This has been one of those hectic weeks where I've found myself busier than usual coaching women on how to survive their marriages with stepchildren, or more specifically, how to survive their stepchildren and stay married. Why am I the go-to person for such things? Well to start, after being a stepparent for 20 years, I have earned my stripes holding down the fort with our great big yours-mine-and-ours family. Between myself and my husband, we have eight children: one in elementary school, one in middle school, three in college, and three who are in various stages of their journeys through adulthood. In short, when it comes to stepparenting experience (which also includes two ex-wives and one baby mama), you name the issue, and I have been there, done that - and survived it all.
Everyone's heard of stepmonsters: those evil second, third (forth?) wives who cruelly shuffle stepkids off to the sidelines and compete for their dad's attention. This isn't about them. I'm talking about stepmoms in crisis who are really trying to make it work. They all wonder why, after knocking themselves out for their 21st century Brady Bunch, they still end up with stepkids who treat them like they are auditioning for The Little Rascals Reality Show. On top of that disrespectful drama, toss in an already frustrated stepmom overhearing the little darlings bandy about the dreaded stepmonster jab one too many times - and snap. Off goes the wedding band, pop goes the Xanax, and out come the tears.
What most of these exasperated stepmothers don't understand is that children who turn them into stepmonsters often do it as a coping mechanism because their little hearts have been ripped out by divorce. Here's a true story I often share with women to help them grasp exactly why their stepchildren act like they don't like them.
I first came to understanding the complicated emotions of stepchildren many years ago when an unusually introspective child explained to me how her stepmonster was created. She told me her parents separated when she was about six years old. She said the experience was extremely traumatic for her - destabilizing on every level. She hated going back and forth between the two homes. When she was with her mom, she missed her dad, and when she was with her dad, she missed her mom.
After a year or so, her father married a terrific lady. The little girl instantly adored her stepmother. Her stepmother adored the little girl too, calling the child her daughter. This sounds ideal, so what could have been the problem?
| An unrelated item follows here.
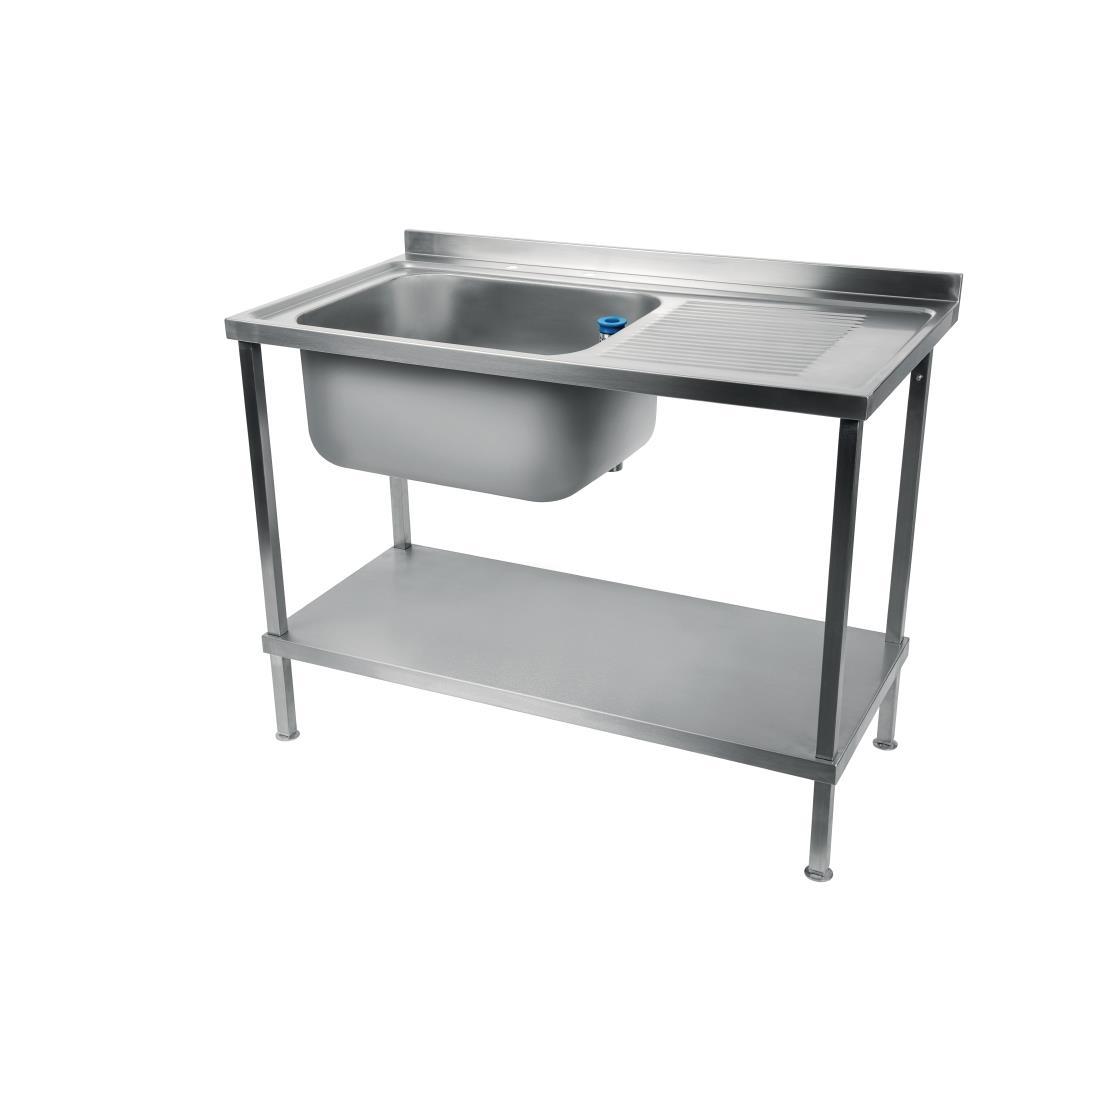 Holmes Fully Assembled Stainless Steel Sink Right Hand Drainer 1200mm - DR388  - 3

The problem was that this child was still never really happy. Every time the little girl would find herself getting close to her stepmother, she would suddenly get a stomachache and become physically ill. Then one day, after being reprimanded for something by her stepmother, the little girl had her big ah-ah moment. She realized that feeling angry with her stepmother made her feel better inside. That was her turning point. She liked that feeling. And from that day on, in the little girl's mind, her loving stepmother transformed into her very own wicked stepmonster. If her stepmother asked her to clean her room, she would choose to be angry at her new stepmonster and hold on to that feeling until once again she forgot why she was angry. Whenever she felt herself becoming close to her stepmother, she would just seize another reason to be angry. This cycle continued well into high school.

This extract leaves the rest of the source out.